Tucker is a political strategist who gets Will elected first as district attorney of Charbonnaux Parish and later as attorney general. Carter, meanwhile, stays home in New Acadia and takes over the family’s thriving oil exploration business.

And what story about genteel southern living would be complete without the obligatory love triangle? This one manifests itself in the person of Katherine Ormande (Kayo) Laborde who early on was in love with Carter but by the time we meet her, she is married to brother Tuck. But it is her deep-seeded and understandable hatred of Guidry that fuels this story.

All four are reared in Charbonnaux Parish and the political and legal conflicts that arise between Will and the brothers provides a sordid—and believable—backdrop into the free-for-all that has come to symbolize Louisiana politics right down to the inclusion of pigs in TV political ads (The pigs, by the way, will evoke memories among the older set of Earl Long once claiming that opponent Sam Jones fell into a mud puddle occupied by pigs. A passerby observed that one’s character could be judged by the company he keeps. “The pigs got up and left,” was Long’s zinger to the story.)

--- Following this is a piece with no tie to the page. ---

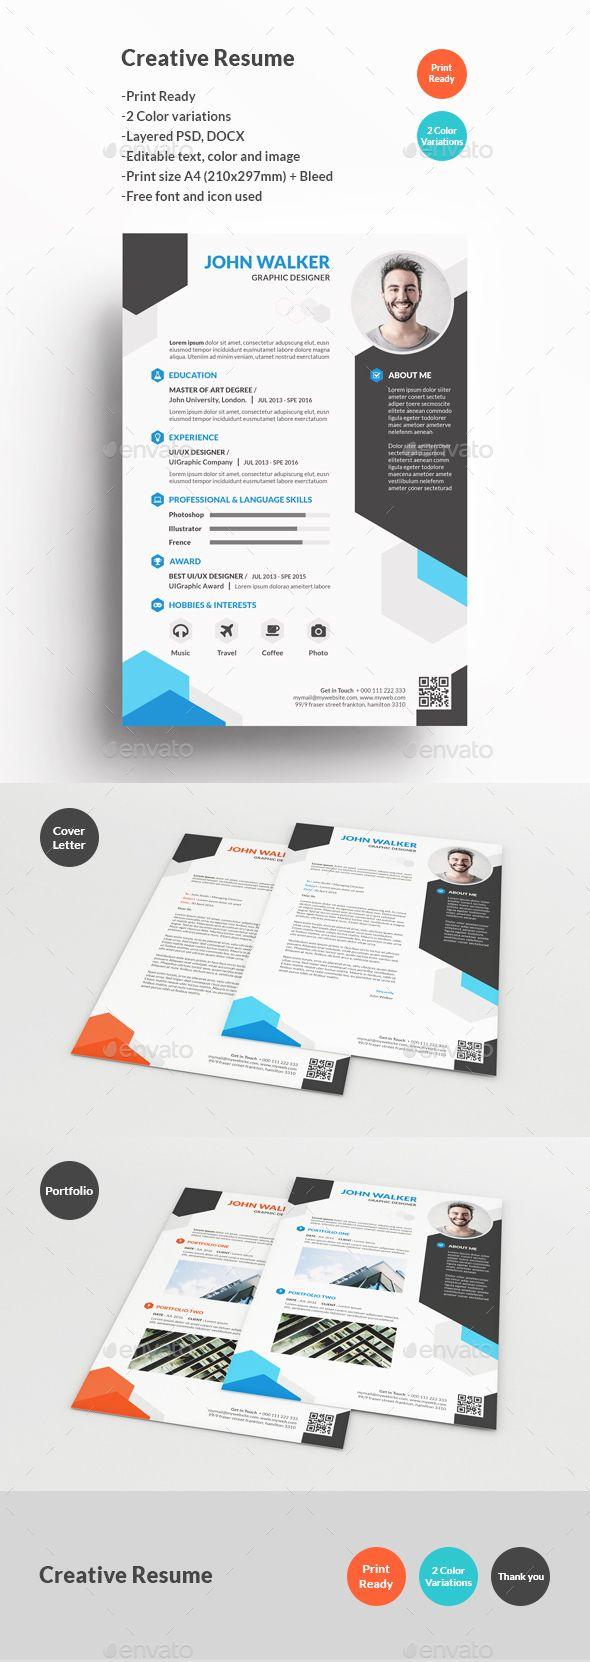 Creative Resume | Creativo, Itunes y Cv creativo

Hicks confuses the story somewhat by mixing real places like Shreveport and Baton Rouge with fictional localities such as Charbonnaux Parish and New Acadia but if you can get by that small inconsistency (and it’s easy to do), the book is an enjoyable read for those familiar with the uniqueness of Louisiana politics which at times passes for a contact sport which other states seem to be trying to imitate but are unable to quite duplicate.

As the story unfolds, events begin to spin out of control and the twists in the plot will transport the characters to the surprise ending in rapid fire fashion while leaving the reader wanting more.

There is one slight inaccuracy that can be attributed to a simple memory lapse or even a typo and is certainly forgivable.

On page 59, the political kingmakers of Louisiana are discussing the attributes of a candidate to whom they will lend their not insignificant support. Discussing the merits of a fictional senator from Louisiana, he is compared other powerful U.S. senators. “He was indeed a senator’s senator,” said J.X., “and a Southern gentleman to boot. Like John Stennis, Lyndon Johnson, and even our own Earl Long.”

Earl Long was never a U.S. Senator; he was elected to the U.S. House of Representatives in 1960 but died 10 days after the election and never took office. Hicks, of course, may have intended his reference to Earl’s brother, Huey Long, who did serve in the U.S. Senate until his assassination in Baton Rouge or more likely to Huey’s son Russell who served 39 years in the Senate. “I don’t know how I managed to make a mistake like that,” Hicks said when contacted about the error. “I certainly knew better.”

But he more than made up for that gaffe with a most profound sentence that should (but sadly, does not) sum up what should be the required mantra of all who hold political office:

“The responsibility for building and maintaining our way of open and honest government belongs in the hands of those who elected our leaders and not the leaders themselves.”

That one sentence speaks volumes about how our political structure should function but sadly, does not and the ethical code to which it should strive.

And it, in and of itself, makes the book well worth the read.